Применение эротического: эротическое как сила

У силы множество разновидностей: применяемых и не находящих применения, признанных и непризнанных. Эротическое — ресурс внутри каждой из нас, лежащий в глубоко женской и духовной плоскости, прочно укорененный в силе нашего невыраженного или нераспознанного чувства. Чтобы закрепиться, любому угнетению нужно отравить или извратить те разнообразные источники силы в культуре угнетенных, которые могут дать энергию для перемен. Для женщин это означает подавление эротического как признаваемого источника силы и информации в нашей жизни.

Нас приучили относиться к этому ресурсу с подозрением, в западном обществе его принижают, поносят и обесценивают. С одной стороны, поверхностно эротическое поощряется как знак женской неполноценности; с другой стороны, женщин заставляют страдать и чувствовать себя одновременно презренными и подозреваемыми в силу его существования.

От этого остается всего один шаг до ложной уверенности в том, что только подавление эротического в нашей жизни и сознании может сделать женщин по-настоящему сильными. Но эта сила иллюзорна, ведь она создана в контексте мужских моделей власти.

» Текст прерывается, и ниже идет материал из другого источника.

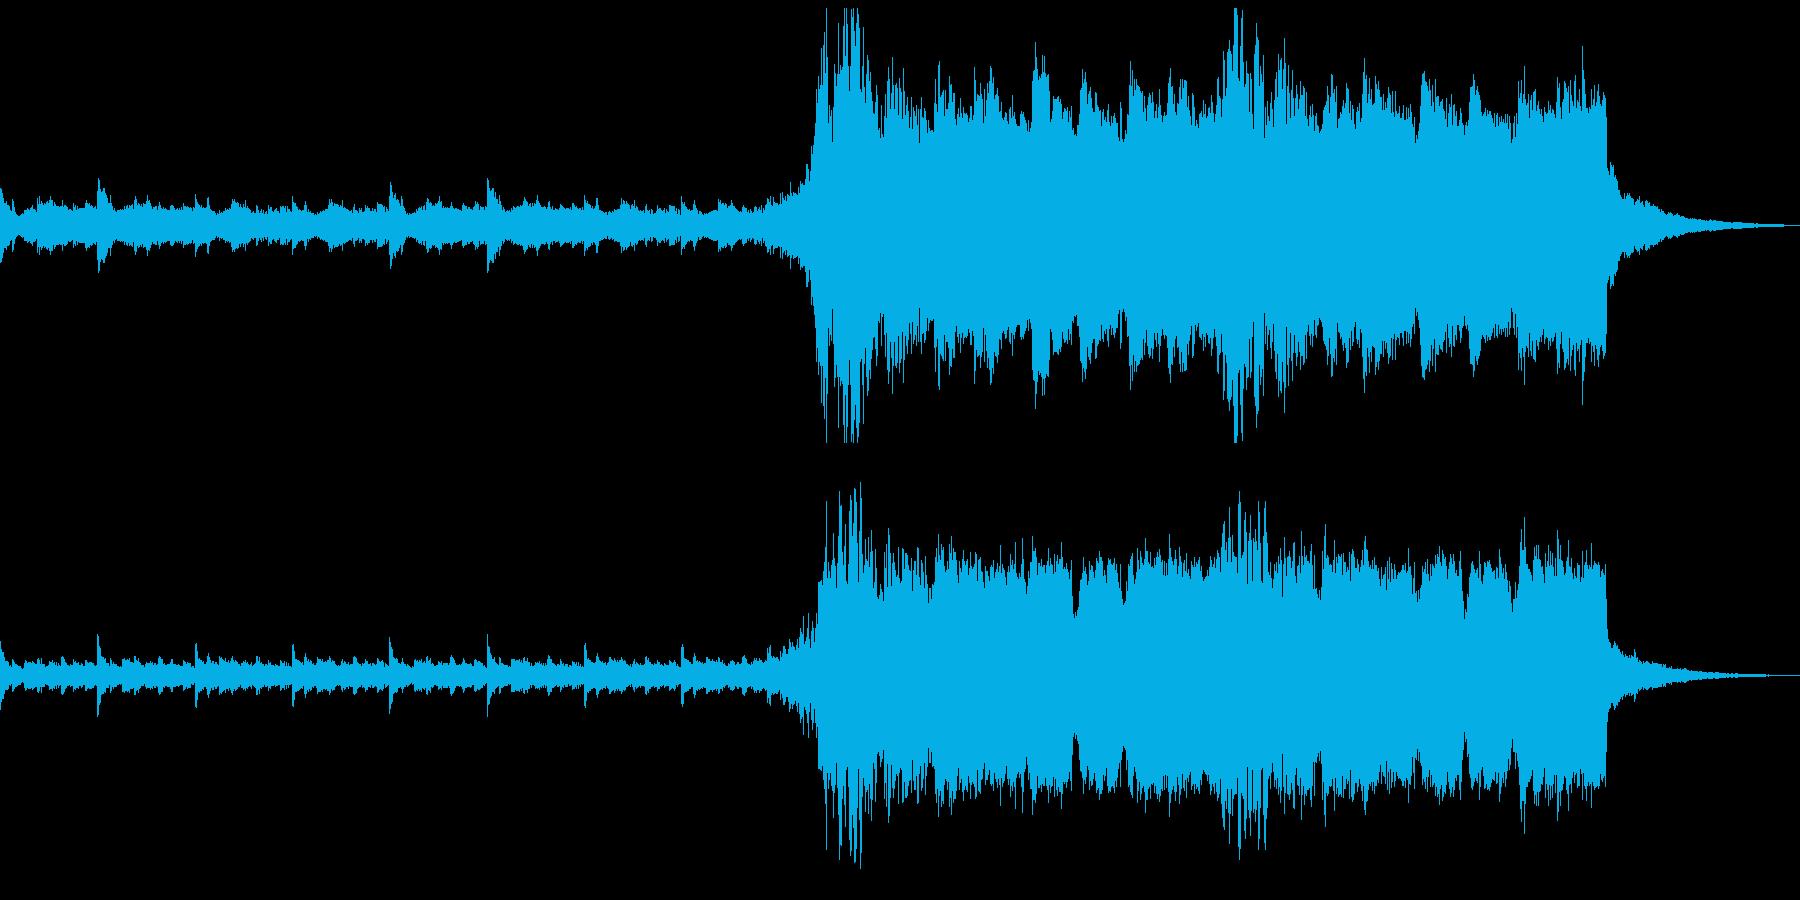 ホラー、サスペンス系のBGMの再生済みの波形

Как женщины, мы научились не доверять той силе, которая берет начало в самом глубинном и нерациональном нашем знании. Всю жизнь нас предостерегал от нее мужской мир, который достаточно ценит эту глубину чувств, чтобы держать женщин при себе и использовать ее в интересах мужчин, но который в то же время слишком боится этой глубины, чтобы исследовать ее возможности внутри себя. Поэтому женщин держат в отстраненном/подчиненном положении, чтобы психологически доить их — так муравьи держат колонии тли, получая от них живительную субстанцию для своих хозяев.

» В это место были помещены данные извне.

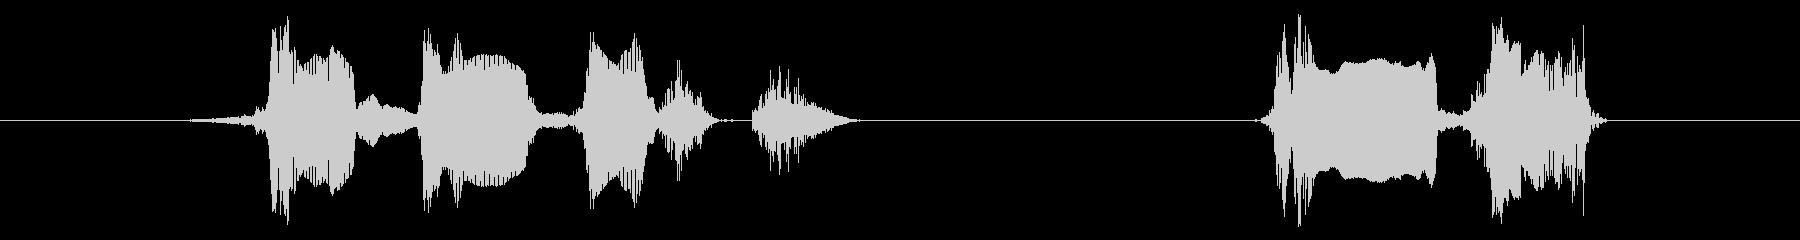 サンダーボルト チャージ[若いヒロイン]の未再生の波形

Но эротическое дает источник восстановительной и дерзкой силы женщине, которая не боится ее откровений, но и не поддается мнению, что достаточно одного только чувственного восприятия.

Мужчины часто называли эротическое ложными именами и использовали его против женщин. Его превратили в путаное, тривиальное, психотическое, запаянное в пластик ощущение. Поэтому мы часто отказываемся от изучения и обсуждения эротического как источника силы и информации, путая его с его противоположностью — порнографией. Но порнография — это прямое отрицание силы эротического, так как она представляет собой подавление истинного чувства. Порнография сосредотачивается на ощущении без чувства.

Эротическое — это соотношение между началами ощущения собственного «я» и хаосом сильнейших наших чувств. Это внутреннее ощущение удовлетворения, к которому, однажды испытав его, мы можем стремиться вновь. Ведь испытав полноту этой глубины чувств и осознав ее силу, в гордости и самоуважении мы не можем ожидать от себя меньшего.

Требовать наибольшего от себя, от своей жизни, от своего труда — всегда нелегко. Поощрять совершенство — значит выходить за рамки посредственности, поощряемой в нашем обществе. Но сдаться перед страхом чувства и работы на полную мощность — роскошь, которую могут позволить себе лишь те, кто живет непреднамеренно, а непреднамеренность — удел тех, кто не хочет управлять собственной судьбой.

Внутреннее требование стремления к совершенству, которому мы учимся у эротического, не следует неверно понимать как требование невозможного от самих себя или от других. Такое требование лишает всех причастных способности к действию. Ведь эротическое — вопрос не только того, что мы делаем; это вопрос того, насколько остро и полно мы можем чувствовать в действии. Как только мы узнаем предел своей способности чувствовать это удовлетворение и завершенность, тогда мы сможем наблюдать, какое из разнообразных начинаний в нашей жизни приводит нас ближе всего к этой полноте.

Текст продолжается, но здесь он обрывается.